Anne Emilie Poulsson (September 8, 1853 – March 18, 1939) was an American children's author and campaigner for early childhood education and the kindergarten movement.

Poulsson was born in Cedar Grove, New Jersey. She was the daughter of Halvor Poulsson and Ruth Anne Poulsson (née Mitchell). Her father, an immigrant from Norway, died when she was still young. From the age of six months, she developed a serious eye condition resulting in visual impairment, which would eventually render her blind. She was taught to read at home and started at a public school at the age of eight, going on to high school at twelve. She learned braille at the Perkins School for the Blind in Watertown, Massachusetts. For several years in her 20s, she lived with the family of composer and music educator Mabel Madison Watson. She later taught and lectured in Boston, Massachusetts. Poulsson was an advocate of the educationalist Friedrich Fröbel. She wrote and gave lectures on parenting, as well as writing books for children. She made a number of trips to Norway and together with her sister Laura E. Poulsson, translated the works of others authors from the Norwegian language.

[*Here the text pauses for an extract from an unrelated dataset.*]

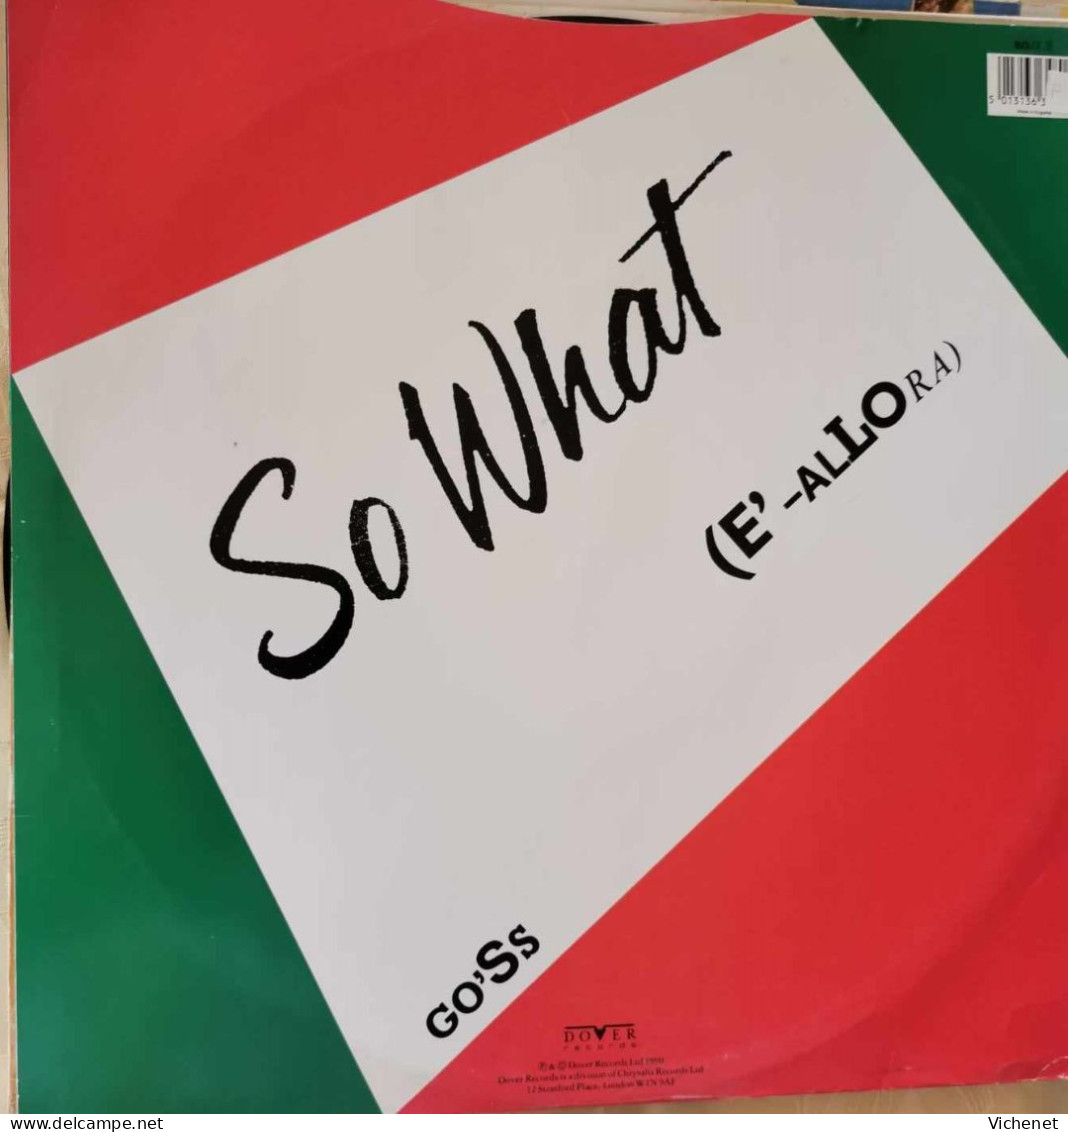 Go'Ss – So What (E'-Allora) - Maxi - 45 Rpm - Maxi-Single

One of her poems from Rhyme Time for Children is sometimes quoted in support of literacy campaigns:

Books are keys to wisdom's treasure;
books are gates to lands of pleasure.
Books are paths that upward lead.
Books are friends; come, let us read.
— quote

==Bibliography==
- Kindergarten and Primary School for the Blind co-written with Michael Anagnostopoulos (1884)
- Finger plays for nursery and kindergarten (1893)
- In the child's world (1893)
- Through the farmyard gate (1896)
- Love and Law in Child Training: A Book for Mothers (1899)
- The Runaway Donkey and Other Rhymes (1905)
- Top-of-the-World Stories for Boys and Girls (Translated from Scandinavian languages with Laura E. Poulsson, 1916)
- Rhyme Time For Children
- Baby's Breakfast
- Mrs. Cat's Dinner
- The Christmas Cake: A Story from Norway
- Holiday Songs And Every Day Songs And Games (1901)
- What Happened to Inger Johanne by Dikken Zwilgmeyer (Translation, 1919)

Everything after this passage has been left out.